Topan terperangah lalu memandang Abeline,
"Bohong, Bel! Tadi Ardhi yang bilang lo udah keterlaluan. Anak-anak sekelas mulai keganggu sama tantrum lo itu."
Ardhi menendang kaki Topan sambil memicingkan mata, "Lo ya, cari aman sendiri!"
Topan balas mendelik, "Siapa? Lo barusan, tau!"
Mata Ardhi memicing sadis ke arah Topan, "Mate, gue tadi mencoba merayu dia biar ga meledak, dogol!"
Wimaya membeliak memutar-mutar bola mata tanda tak percaya. Topan dan Ardhi yang duduk di jajaran paling belakang baris mereka, adalah anak Klub Sepak Bola dan jago berenang. Tubuh mereka jelas sehat, kuat, berbentuk. Mereka berdua juga personil band indie terkenal yang kerap memainkan lagu-lagu tahun '90an. Paras mereka yang apik didukung tinggi badan menjulang, dengan sendirinya menjadikan mereka idola sekolah.
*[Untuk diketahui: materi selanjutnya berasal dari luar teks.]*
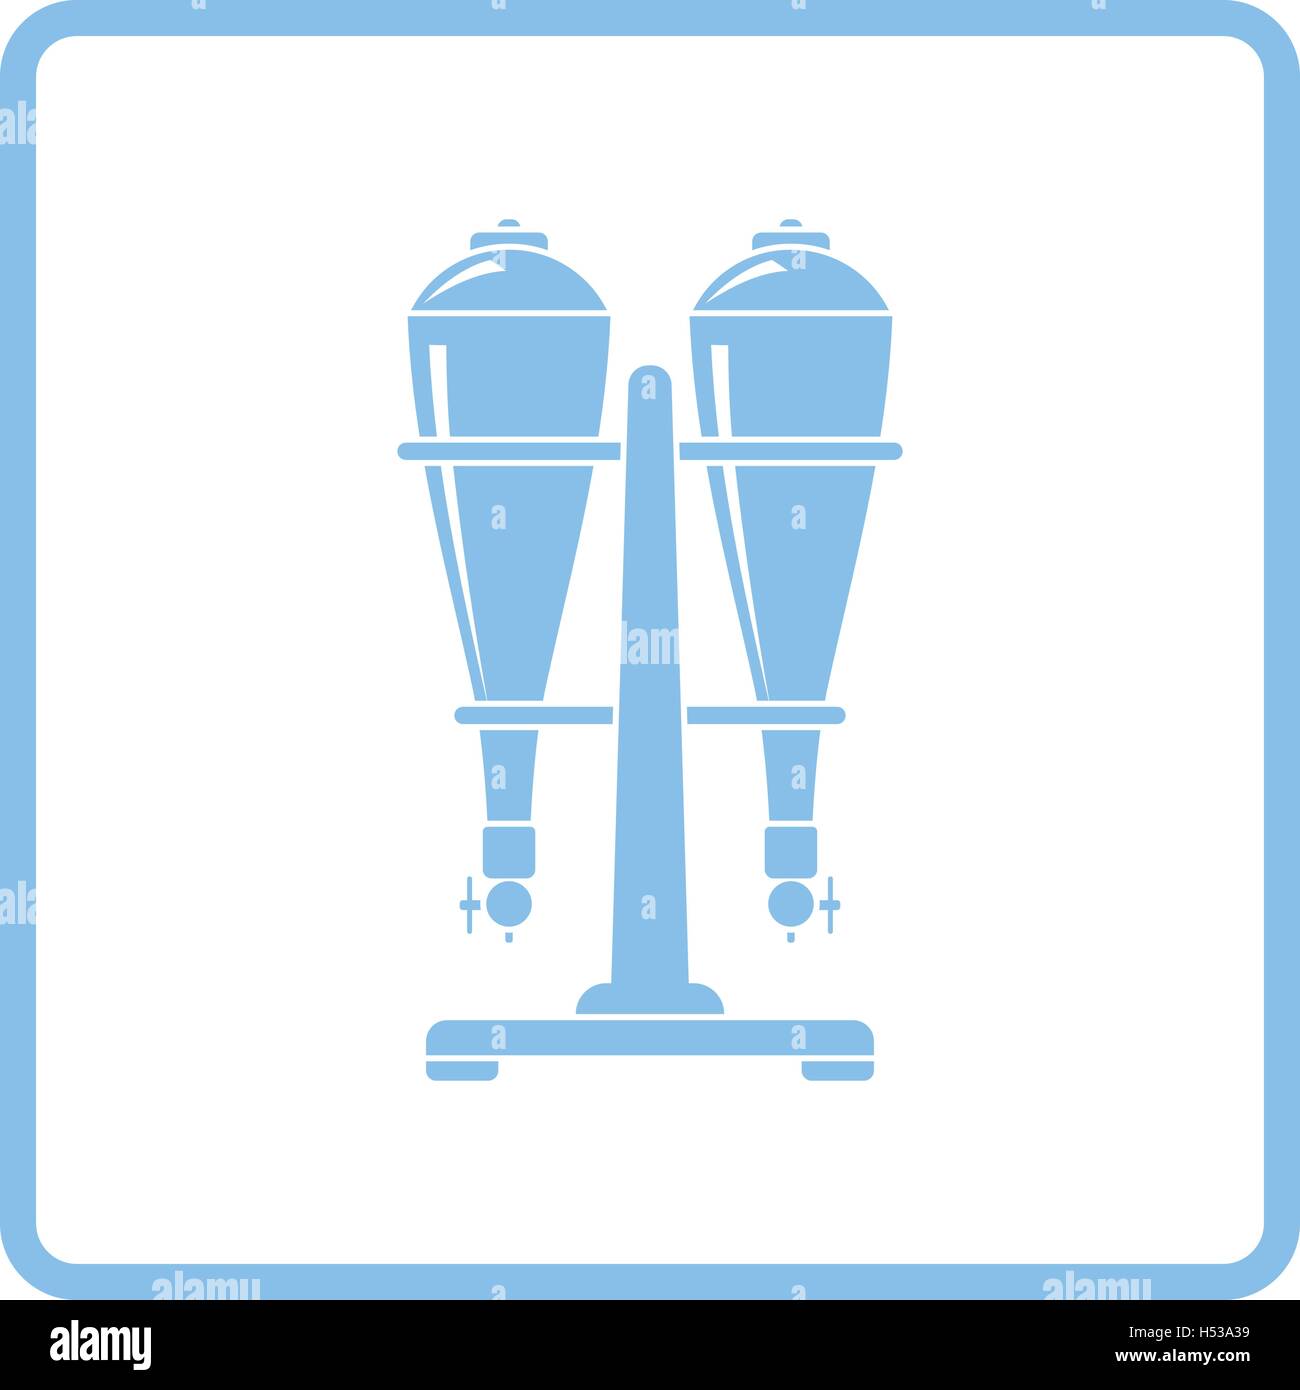 Soda siphon equipment icon. Blue frame design. Vector illustration. Stock Vector

Sayang, pikiran mereka cuma dua jengkal. Lumayan sih ketimbang sejengkal. Menurut Wimaya, mengingat mereka satu band dengan Duma, biang tantrum Abeline, seharusnya mereka cukup hanya diam. Orang lain boleh protes, boleh menyindir Abeline dengan tantrumnya, tapi tidak mereka berdua. Tidak juga setiap sahabat Duma. Semisalnya mereka mau perhatian atau membereskan masalah ini, bagusnya mereka ajak saja Abeline makan Es Campur di kantin, sambil mencoba menjadi konsultan yang bijak.
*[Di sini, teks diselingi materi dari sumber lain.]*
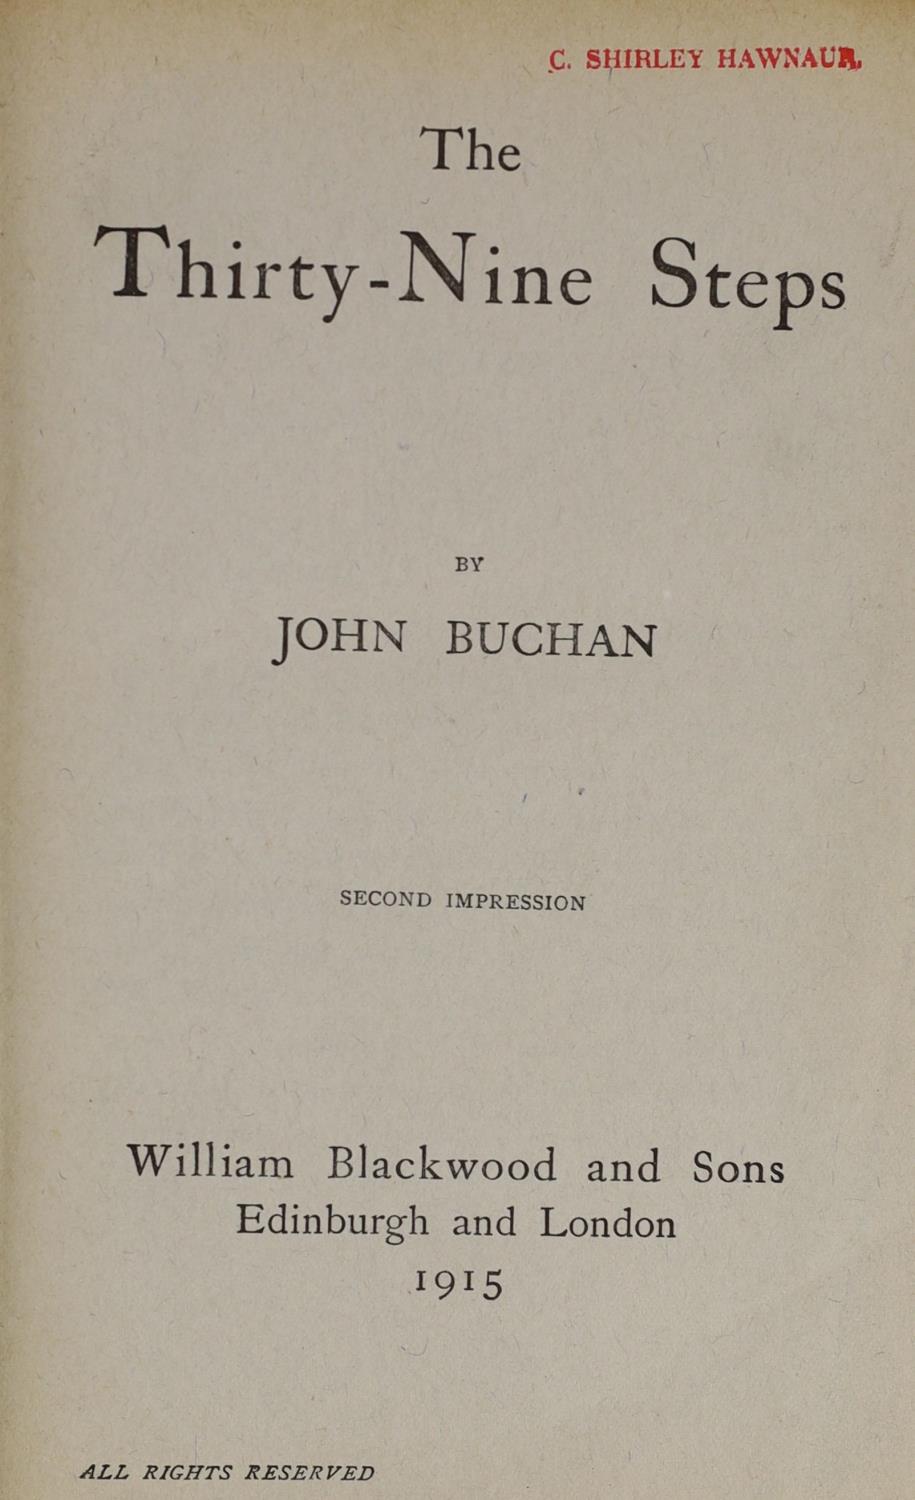 ° ° Buchan, John, 1st Baron Tweedsmuir - 2 works - The Thirty Nine Steps, 1st edition in book - Image 2 of 5

"KALIAN! Berani-beraninya!" gemetar Abeline berkata menahan emosi.
Ardhi seketika menatapnya terpana. Dalam benaknya, dia sedang memberi special EFX pada sosok Abeline.
Background langit kelam tersambar halilintar, blower dari bawah.
Gagal fokus dia pada akhirnya. Otak Ardhi memang goncang akibat kebanyakan nonton film. Visual segala sesuatu, selalu ia kaitkan dengan film hingga jadi lebih dramatis. Cita-citanya bahkan menjadi Director of Photographs seperti Om Pao. Faozan Rizal, sutradara film Ainun Habibie yang pertama.
Buat Ardhi hal macam itu keren luar biasa. Jadi, Abeline di mata Ardhi kini layaknya tokoh prajurit cewek tangguh yang siap mengeksekusi.